A similar question is already asked, but the answer did not help me solve my problem: Sklearn components in pipeline is not fitted even if the whole pipeline is?
I'm trying to use multiple pipelines to preprocess my data with a One Hot Encoder for categorical and numerical data (as suggested in this blog).
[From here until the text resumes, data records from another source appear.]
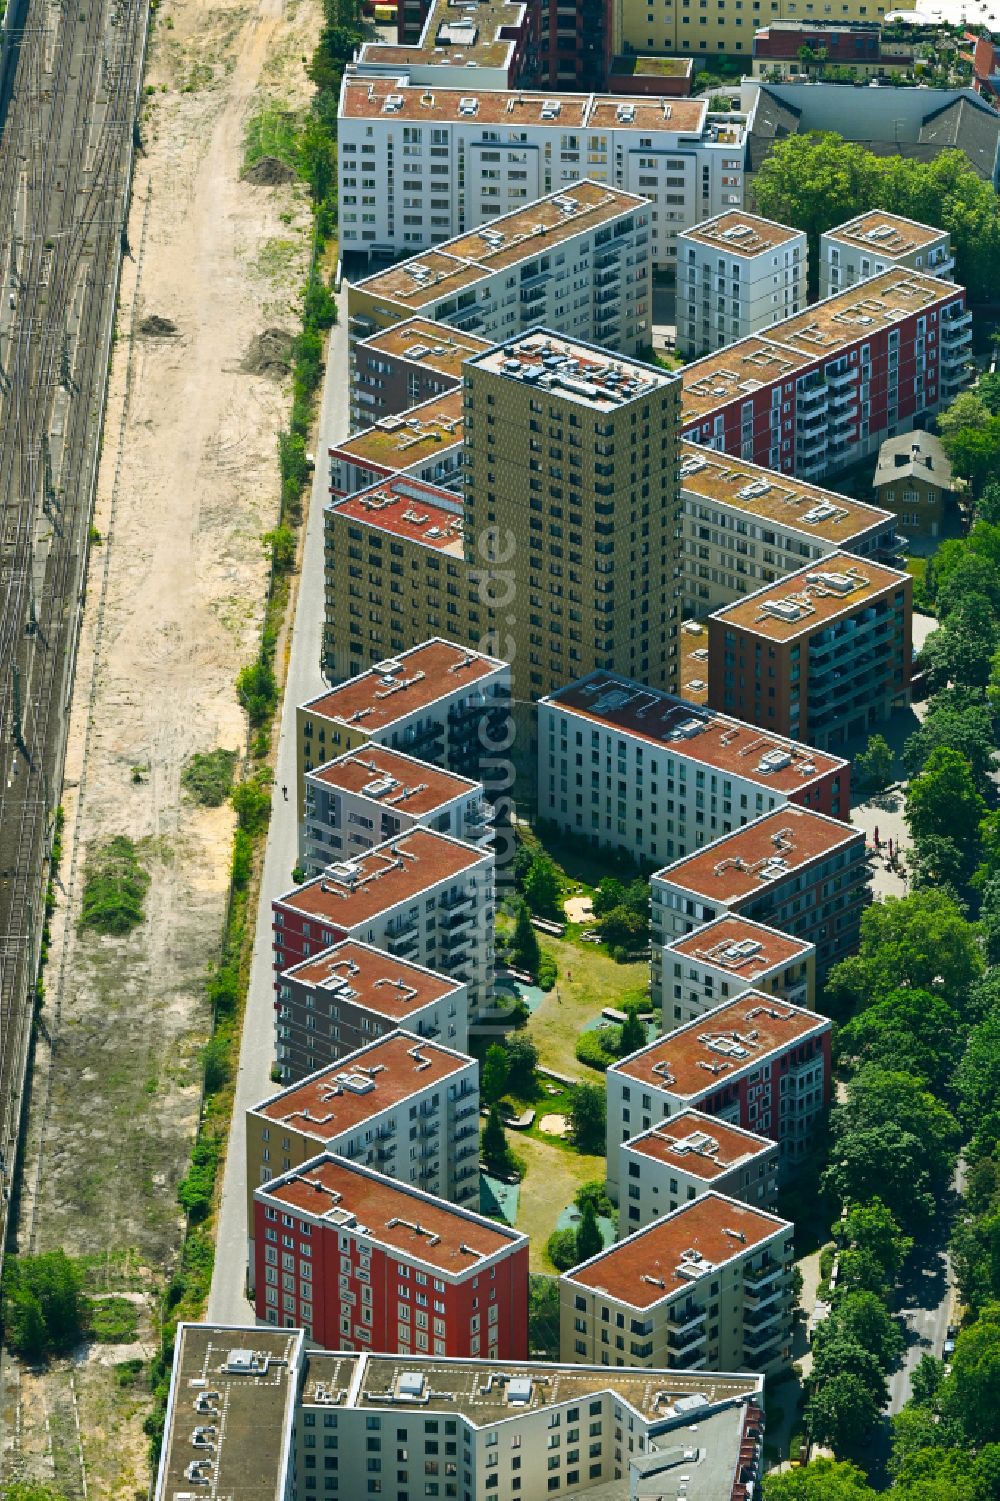 Luftbild Berlin - Wohngebiet der Mehrfamilienhaussiedlung in Berlin, Deutschland
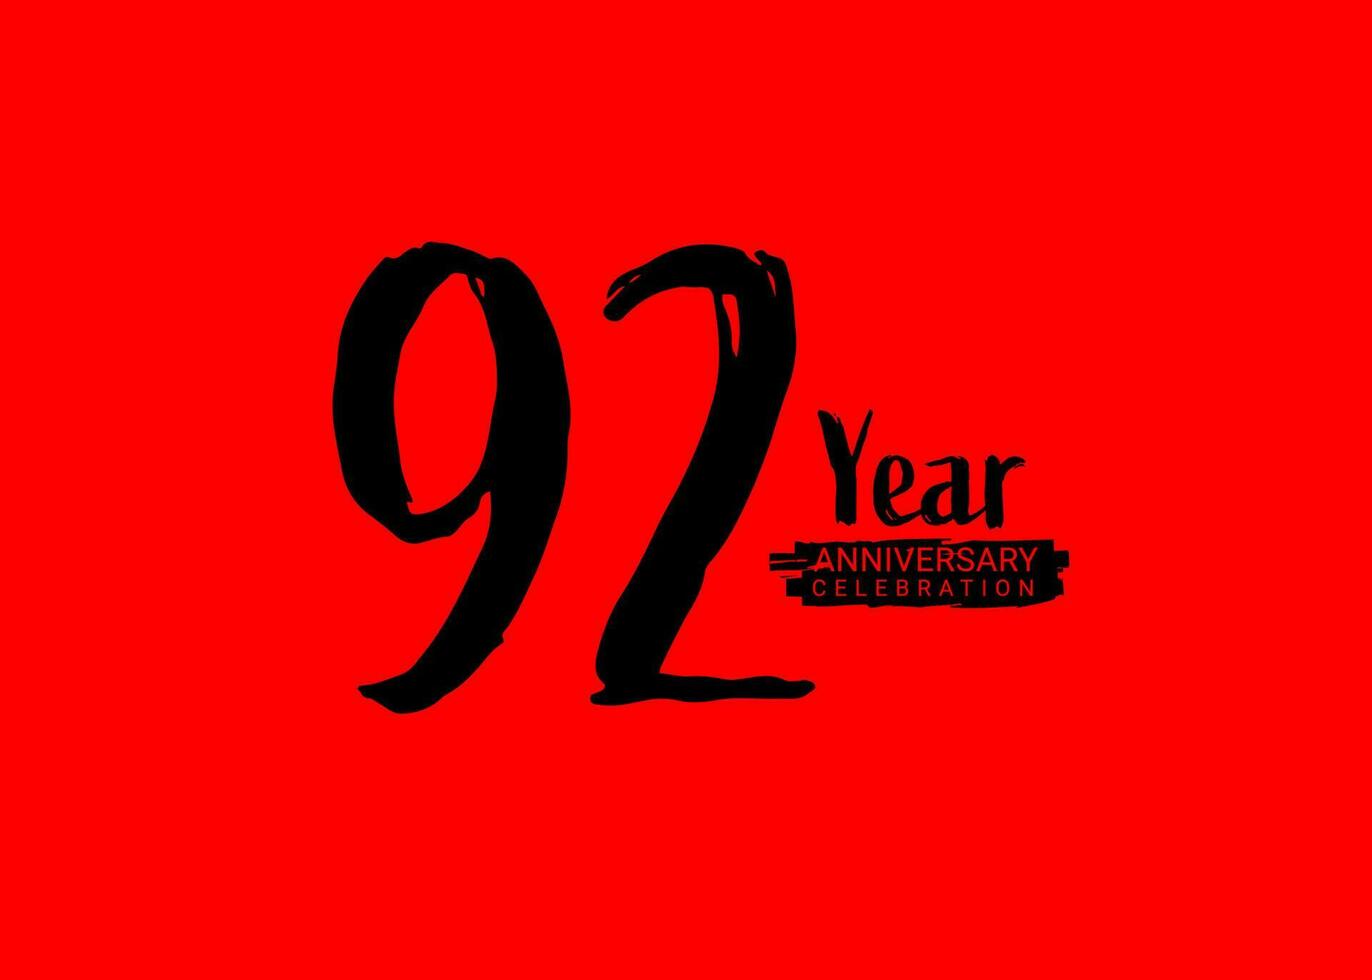 92 jaren verjaardag viering logo Aan rood achtergrond, 92 aantal logo ontwerp, 92e verjaardag logo, logotype verjaardag, vector verjaardag voor viering, poster, uitnodiging kaart
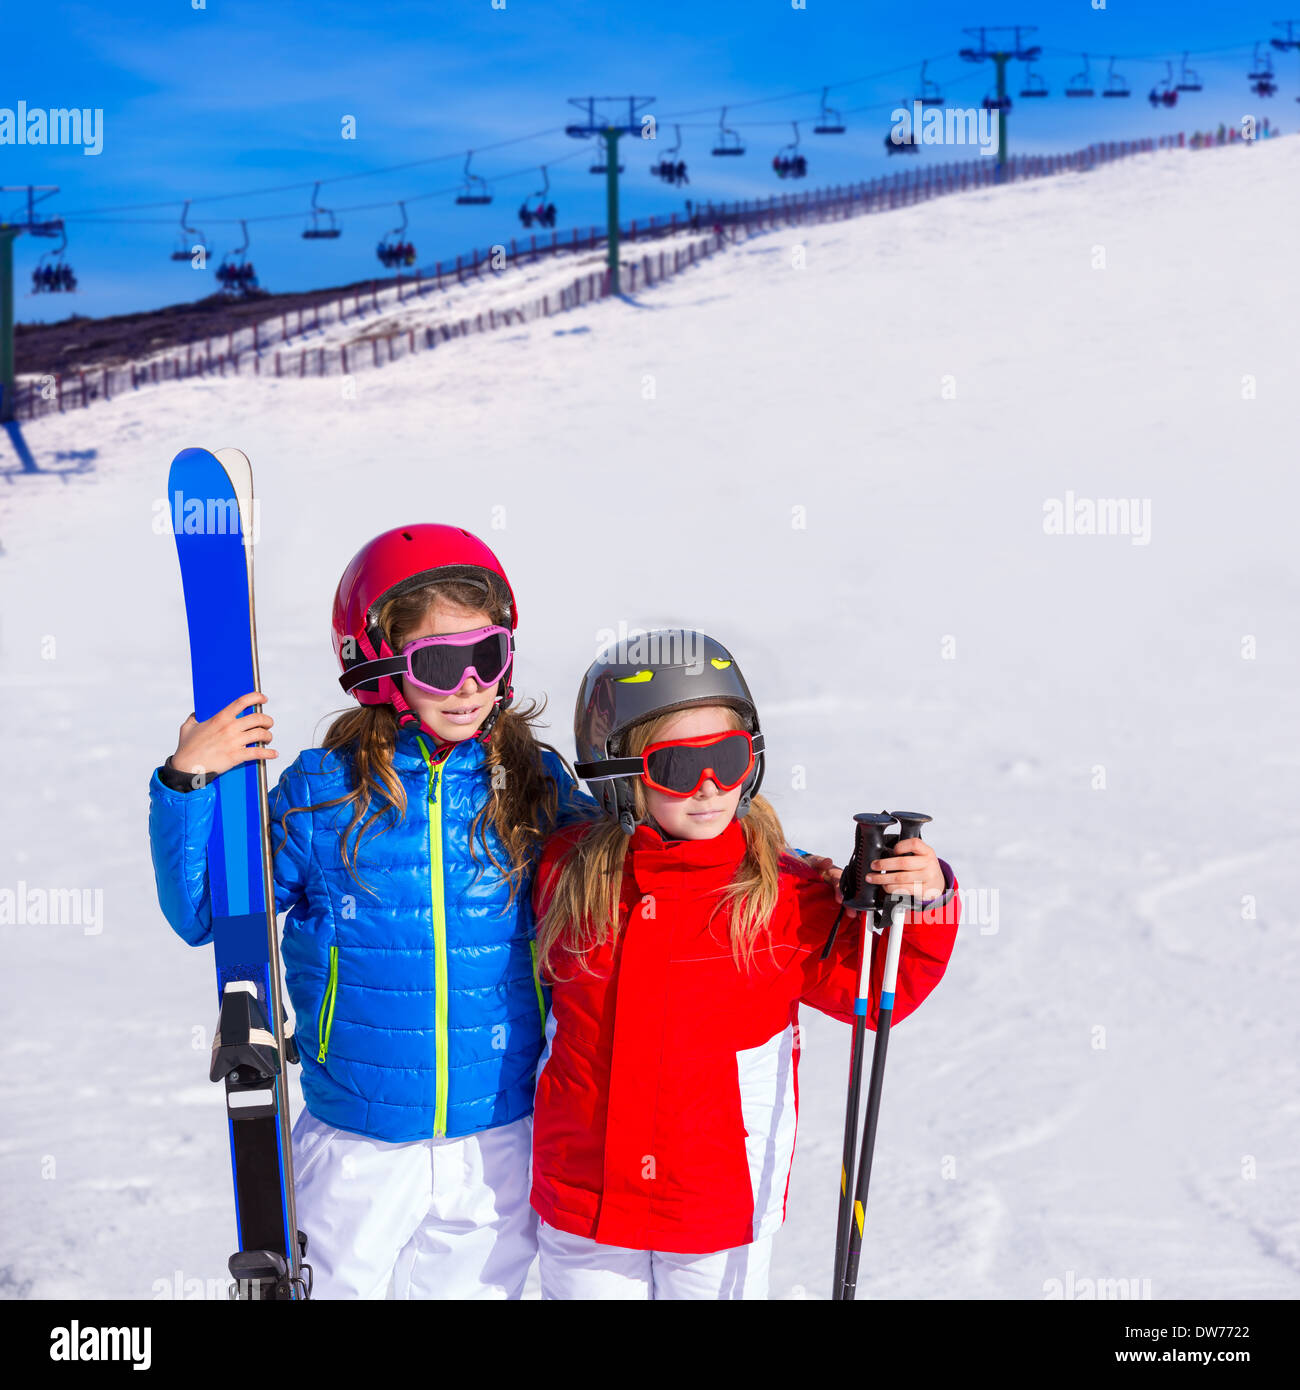 Gafas de esquí para niños Gafas de nieve Gafas de nieve Gafas de snowboard  para niños Niños Niñas
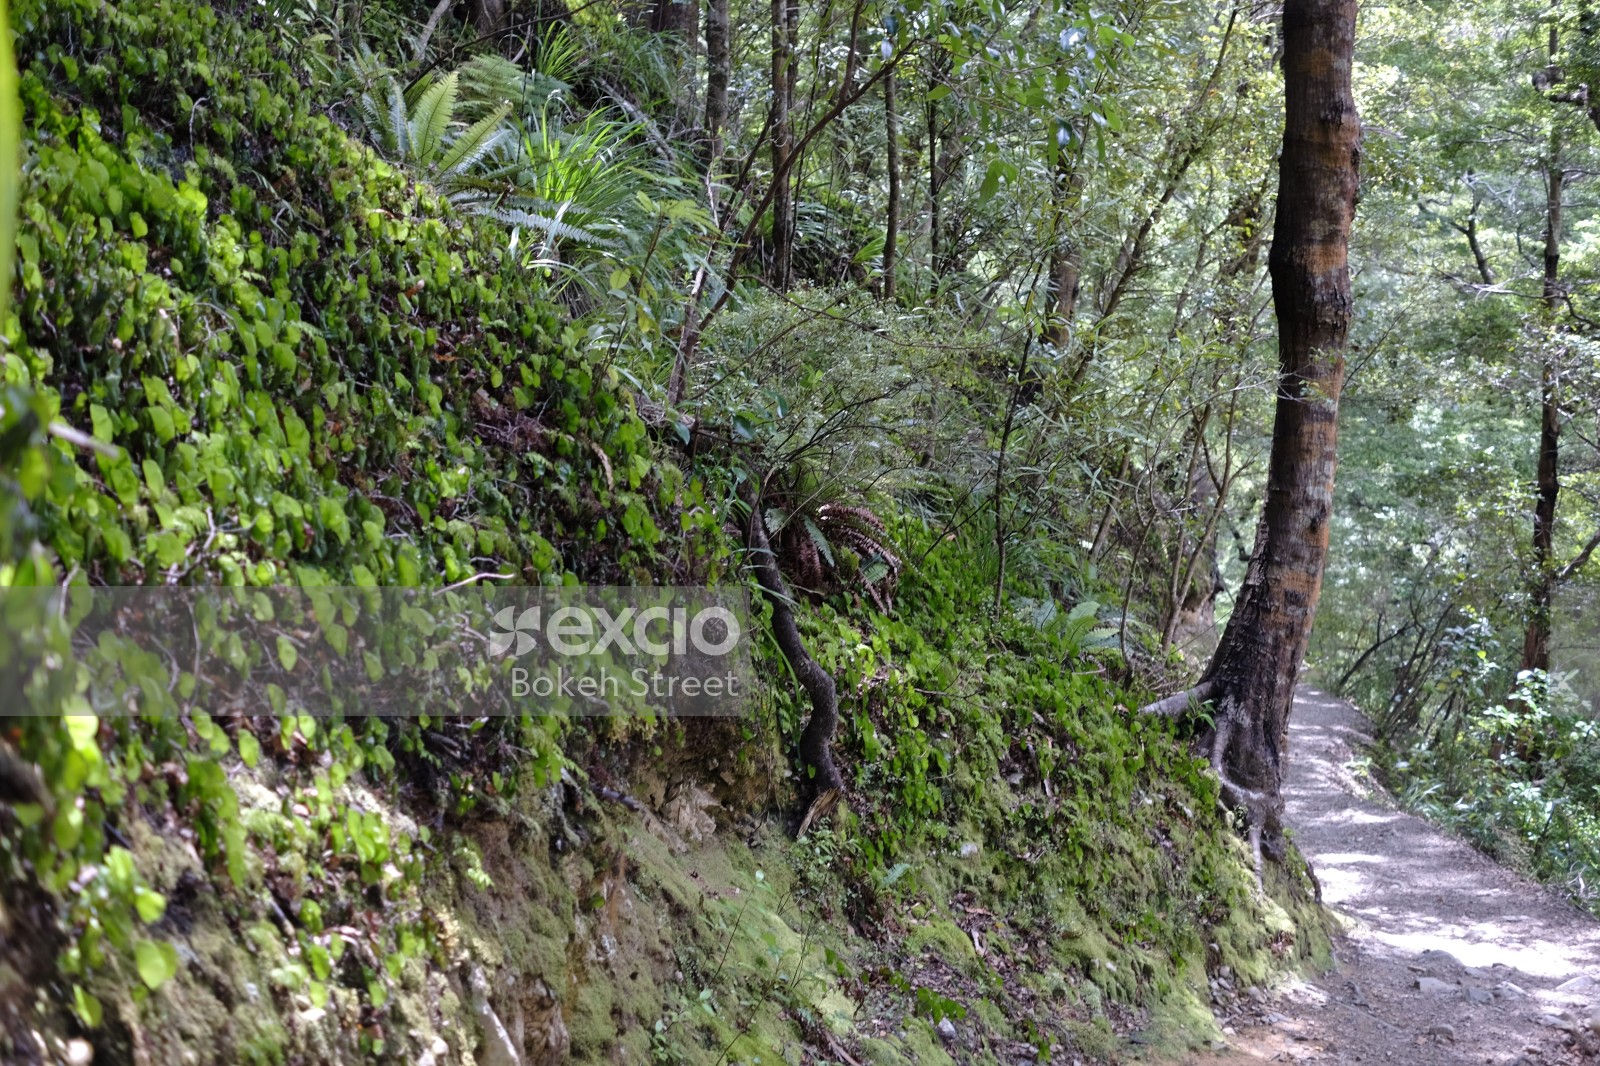 Foliage and a trail near Wainuiomata

Here is my code, and even though my classifier produces 78% accuracy, I can't figure out why I cannot plot the decision-tree I'm training and what can help me fix the problem. Here is the code snippet:
import pandas as pd
import sklearn.tree as tree
from sklearn.model_selection import train_test_split
from sklearn.preprocessing import OneHotEncoder
from sklearn.pipeline import Pipeline
from sklearn.impute import SimpleImputer
from sklearn.preprocessing import StandardScaler
from sklearn.compose import ColumnTransformer
X = pd.DataFrame(data=data)
Y = pd.DataFrame(data=prediction)
categoricalFeatures = ["race", "gender"]
numericalFeatures = ["age", "number_of_actions"]
categoricalTransformer = Pipeline(steps=[
('onehot', OneHotEncoder(handle_unknown='ignore')),
])
numericTransformer = Pipeline(steps=[
('imputer', SimpleImputer(strategy='median')),
('scaler', StandardScaler()),
])
preprocessor = ColumnTransformer(transformers=[
('num', numericTransformer, numericalFeatures),
('cat', categoricalTransformer, categoricalFeatures)
])
classifier = Pipeline(steps=[
('preprocessor', preprocessor),
('classifier', tree.DecisionTreeClassifier(max_depth=3))
])
X_train, X_test, y_train, y_test = train_test_split(X, Y, test_size=0.2, random_state=12, stratify=Y)
classifier.fit(X_train, y_train)
print("model score: %.3f" % classifier.score(X_test, y_test)) # Prints accuracy of 0.78
text_representation = tree.export_text(classifier)
The last command produces this error, in spite of the model being fitted (I assume it's a synchronization situation but can't figure out how to solve it):
sklearn.exceptions.NotFittedError: This Pipeline instance is not fitted yet. Call 'fit' with appropriate arguments before using this estimator.